*** Opening Dataset entries ***

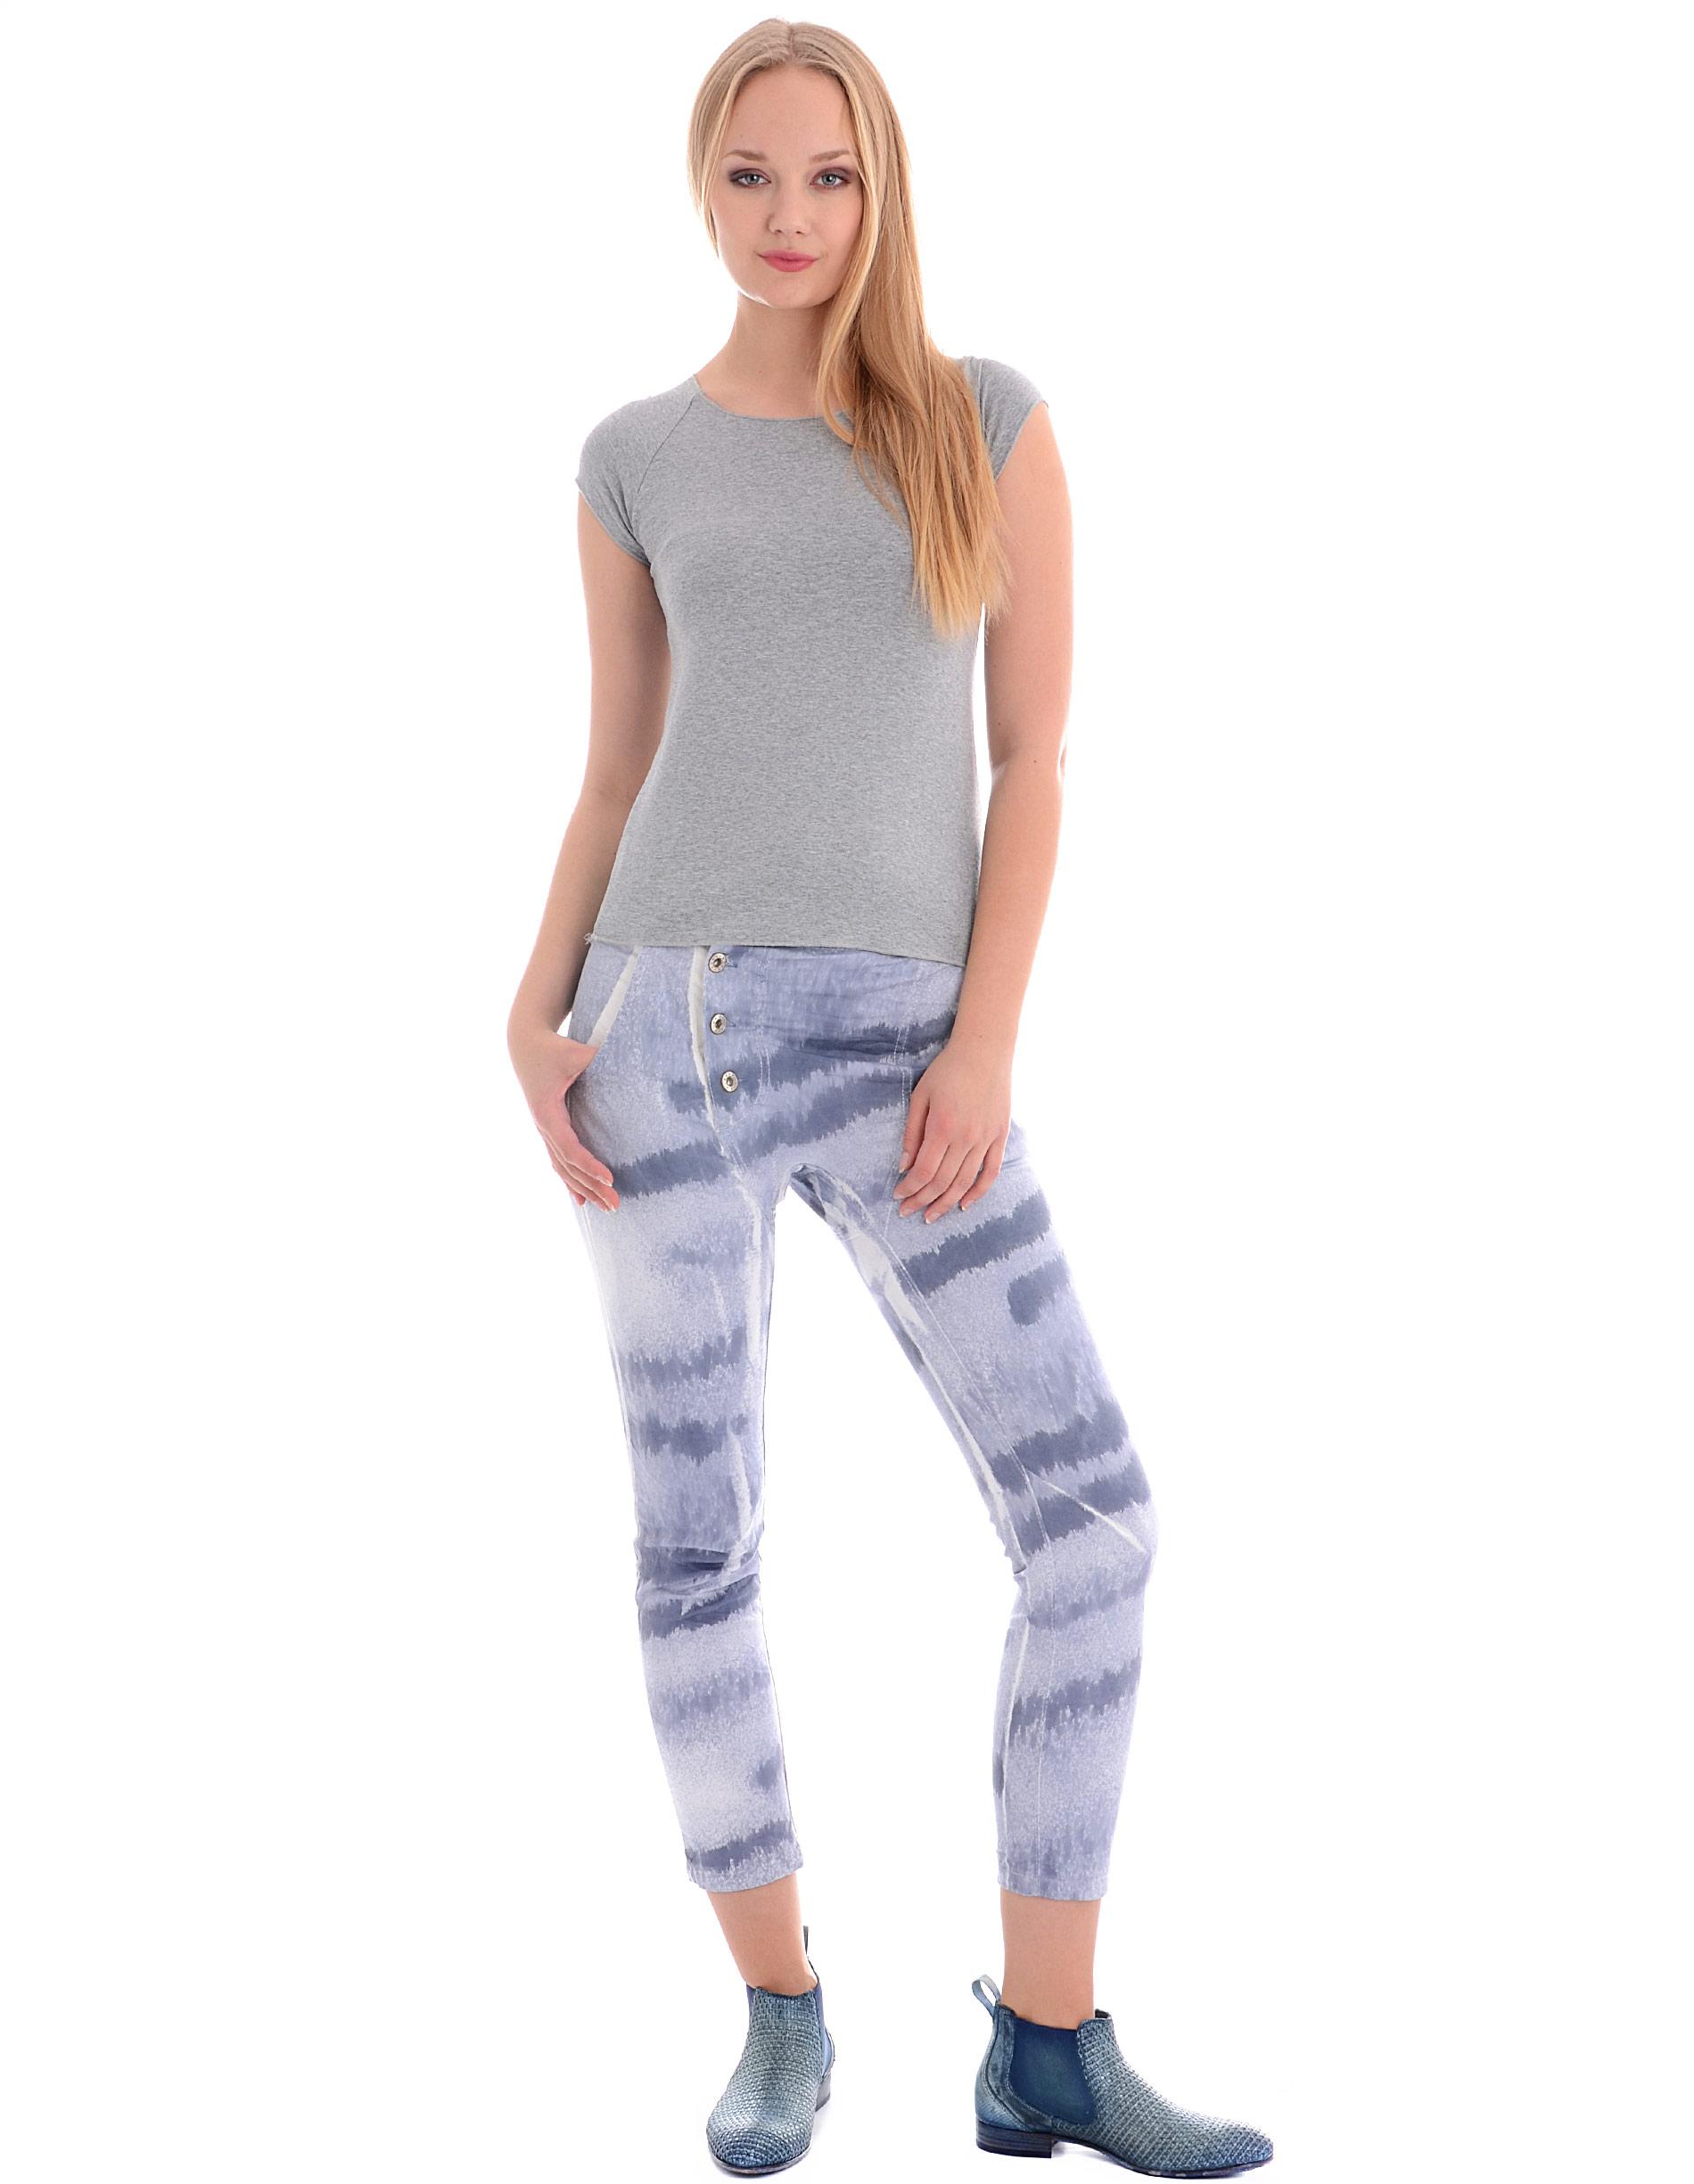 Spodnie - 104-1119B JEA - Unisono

*** Closing Dataset entries ***
*** Opening Dataset entries ***

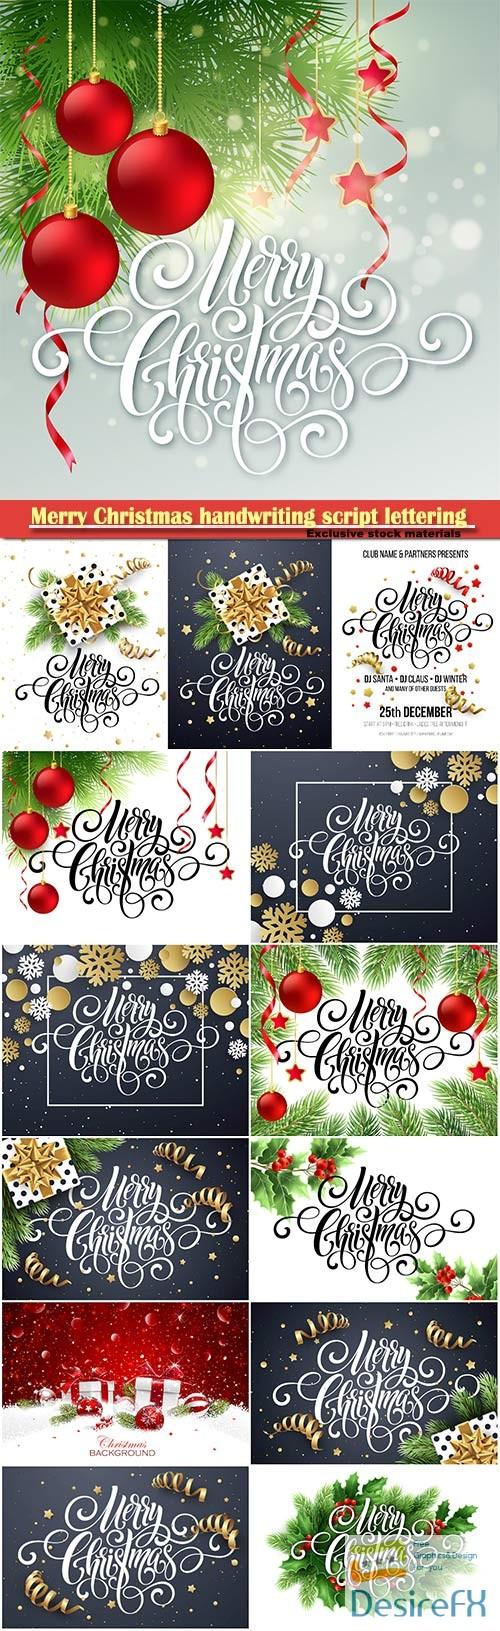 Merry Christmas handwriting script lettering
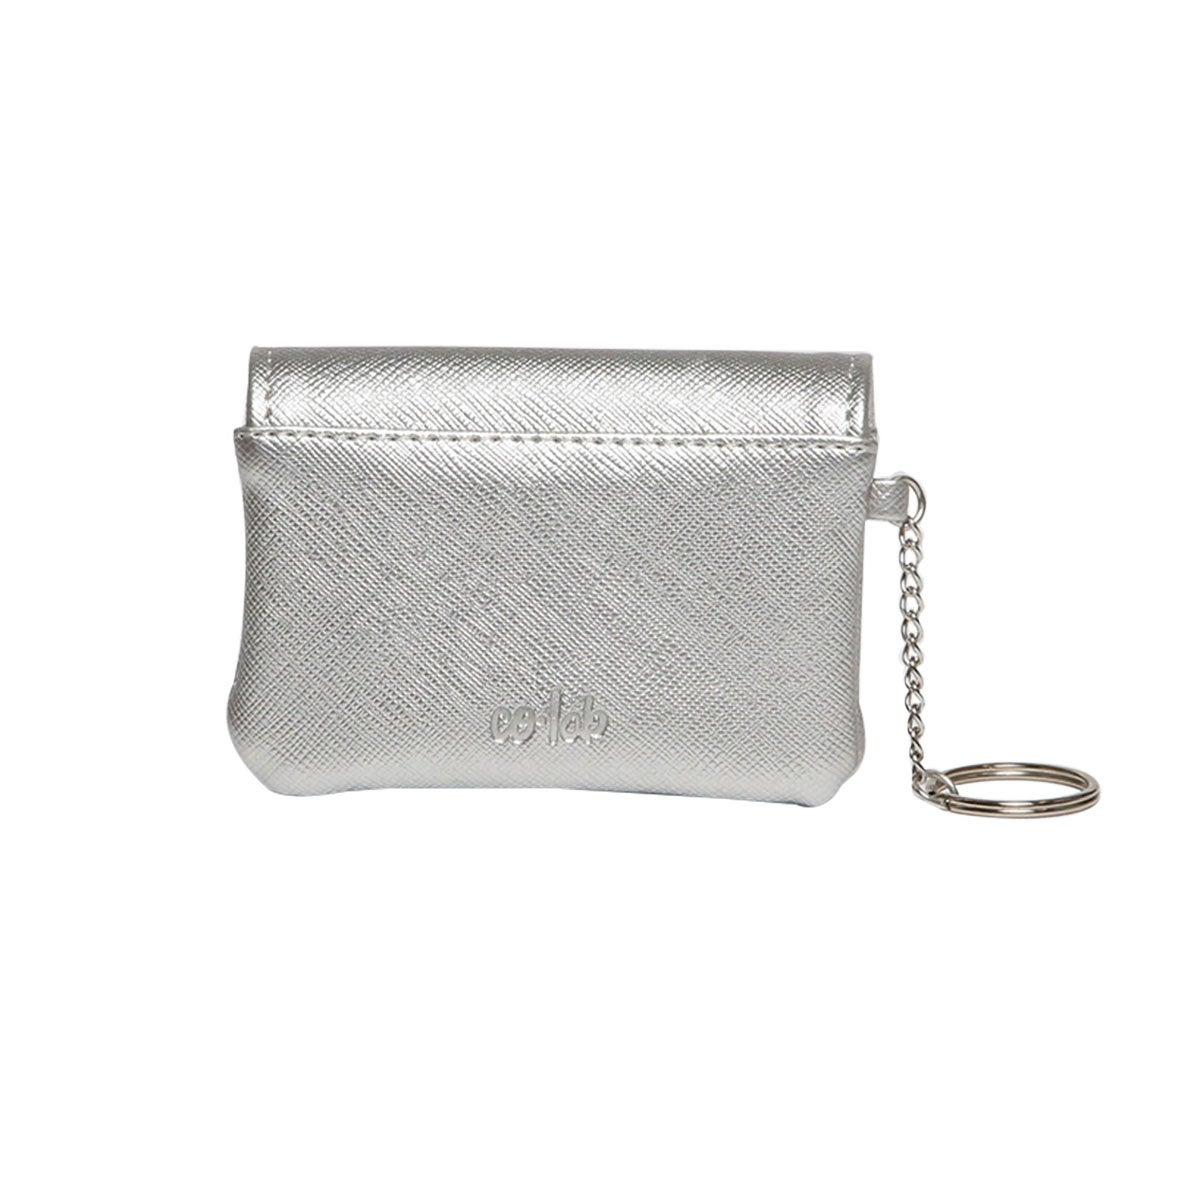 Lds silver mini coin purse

*** Closing Dataset entries ***
*** Opening Dataset entries ***

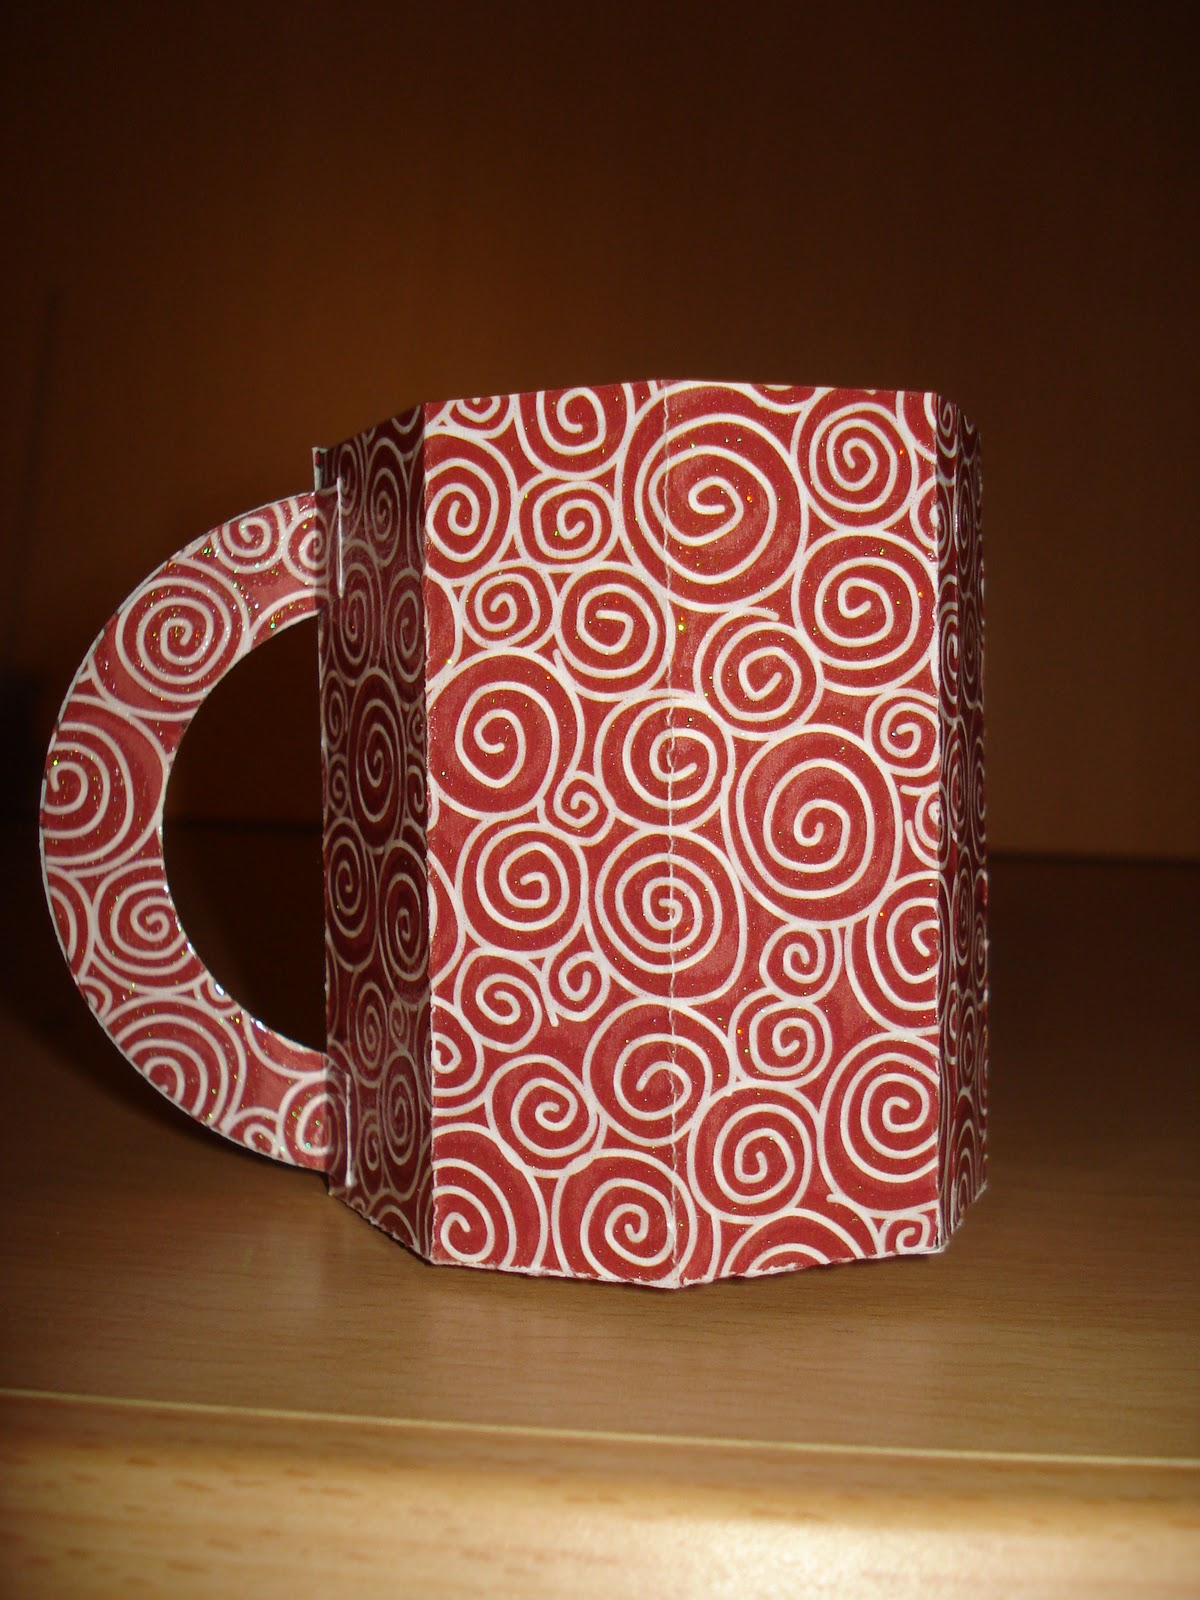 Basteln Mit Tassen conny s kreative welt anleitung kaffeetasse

*** Closing Dataset entries ***

* What you should do *
Within the listing above, the stretch from the line with "Merry Christmas handwriting script lettering" down to the line with "Lds silver mini coin purse" is to be given again exactly, end lines included and pictures excluded.

* Written response *
 Merry Christmas handwriting script lettering
 Lds silver mini coin purse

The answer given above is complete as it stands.